Milletvekili yemini her ne kadar benzer amaca yönelik ise de denetlenmesi mümkün olamayacak ifadeler içermesi nedeniyle, böyle bir girişime gerek duyulmuştu.
Arama toplantısının katılımcıları arasında, halen parlamento üyesi olan Sn. Ahmet Tan ve Sn. Sema Pişkinsüt’ü hatırlıyorum. Meclisteki tüm partilerden en az birer kişi katılımcılar arasındaydı. Ayrıca medyadan, bürokrasiden ve sokaktaki insandan oluşan yaklaşık 30 katılımcı ile yapılan bu çalışma sonunda, aşağıdaki etik güvenceler belirlendi.

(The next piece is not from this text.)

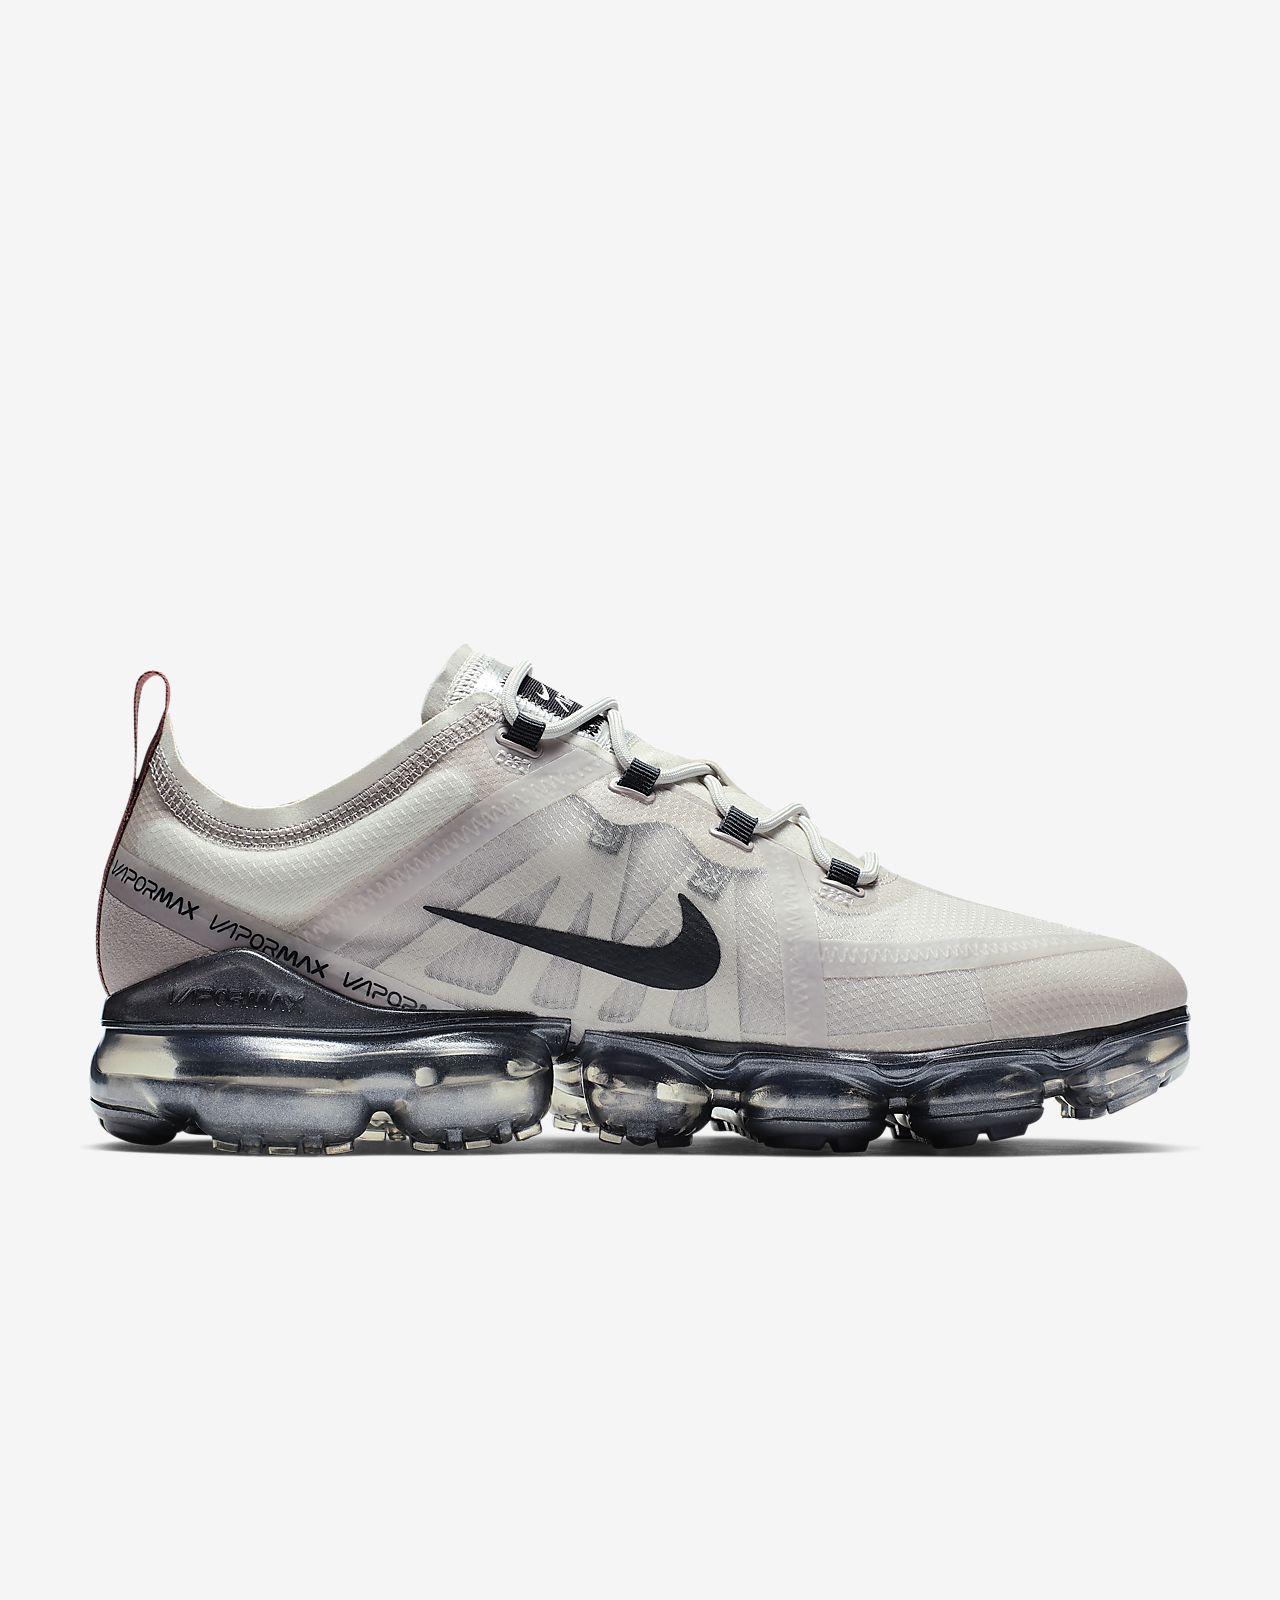 9468ca3b4ac Low Resolution Nike Air VaporMax 2019 Shoe Nike Air VaporMax 2019 Shoe

Bunlar üzerinde çok küçük redaksiyon çalışması yapılmış olup orijinaline uygun sayılabilir. Her maddenin altına, birer ikişer cümle ile konulan açıklamalar ise orijinal metinde olmayıp tarafımdan eklenmiştir.
Bu metin, hemen konferanstan sonra tüm partilere dağıtıldı ve bir kısmı tarafından da seçimlerde kullanıldı. Belki zamanın kısalığı, belki medyanın yeterince üzerinde durmayışı nedenleriyle o tarihte kamuoyunda pek de yankı uyandırmadı.

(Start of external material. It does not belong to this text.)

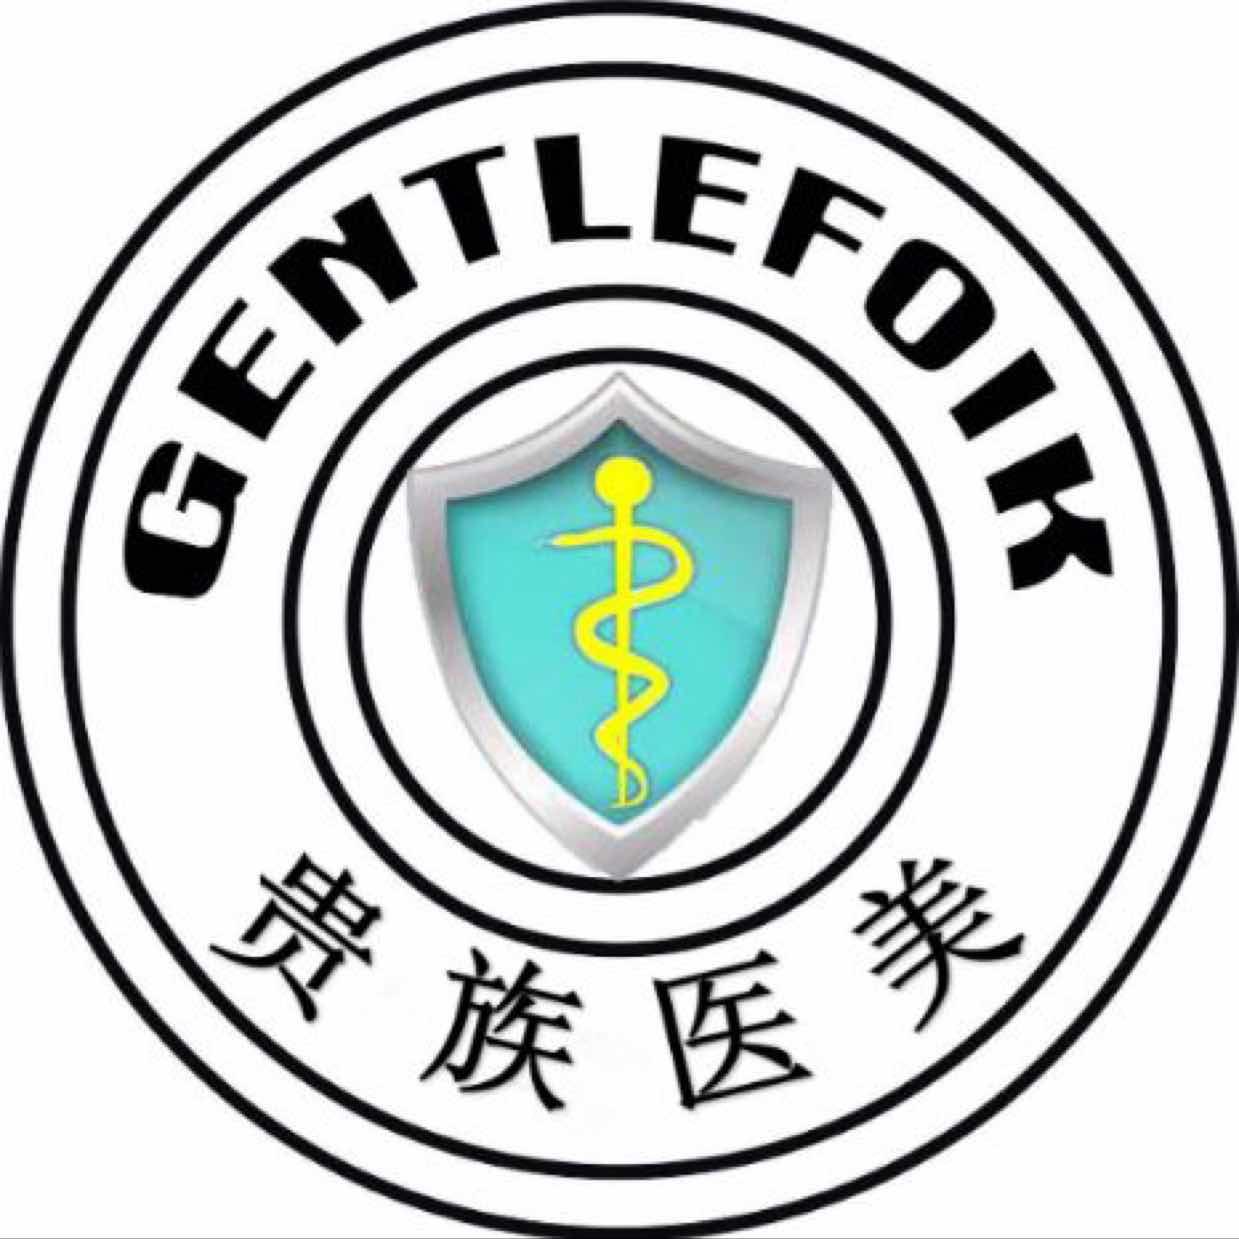 gentlefoik_logo

Seçilmişlerin başka dünyalardan geldiklerine, toplumun genel kabul görmüş değer yargılarını temsil etmediklerine, onları seçenlerin sütten çıkma ak kaşık olduklarına ve her nasıl oluyorsa yıllardır hep eğri insanların bulunup bulunup da meclise yollandığına ilişkin bir genel inanç vardır. Bu inanç, kendi düşüncelerinden hiç kuşkulanmamaya, her aklına geleni doğru sanmaya koşullandırılmış -eğitim bu demektir- insanımıza pek uygun gelmiştir.

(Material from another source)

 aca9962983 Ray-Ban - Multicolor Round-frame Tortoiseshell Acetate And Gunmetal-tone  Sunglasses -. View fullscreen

Bugün geldiğimiz noktada, böylesine bir etik güvencenin daha önem taşıdığını ve de daha ilgi ile karşılanacağını umuyorum. Yapılabilecek ilk genel ve yerel seçimlerde, halkın karşısına binlerce aday çıkacak. Bunlardan, kendi belirleyebilecekleri ve denetlenebilir olduğu konusunda tereddüt olmayan üç-beş etik güvence vermelerini isteyelim. Eminim ki bu adayların bir bölümü açılıştan vazgeçeceklerdir.
Bir bölümü ise bu güvenceyi “nasıl olsa bozarım” düşüncesiyle verecektir. İşte o noktada yurttaş olarak demokrasinin hakkını verip veremediğimiz, daha da doğrusu demokrasiye ne ölçüde layık olduğumuz ortaya çıkacaktır.
Ama esas kazanç, güvence veren ve ona uyabilen az sayıda da olsa seçilmişin yaratacağı ahlaki değer tabanı olacaktır.
Bu tabanı inşa etmeden siyaseti, kurumlarını, o kurumlarda görev alanları eleştirebiliriz. Bunun bir yararı olmadığını, yarar sağlamak bir yana, toplumun düzgün insanlarının siyasetten bucak bucak kaçarak siyasetin gerçekten kirli bir iş olarak tescil edilmesine yol açtığını görebilmeliyiz.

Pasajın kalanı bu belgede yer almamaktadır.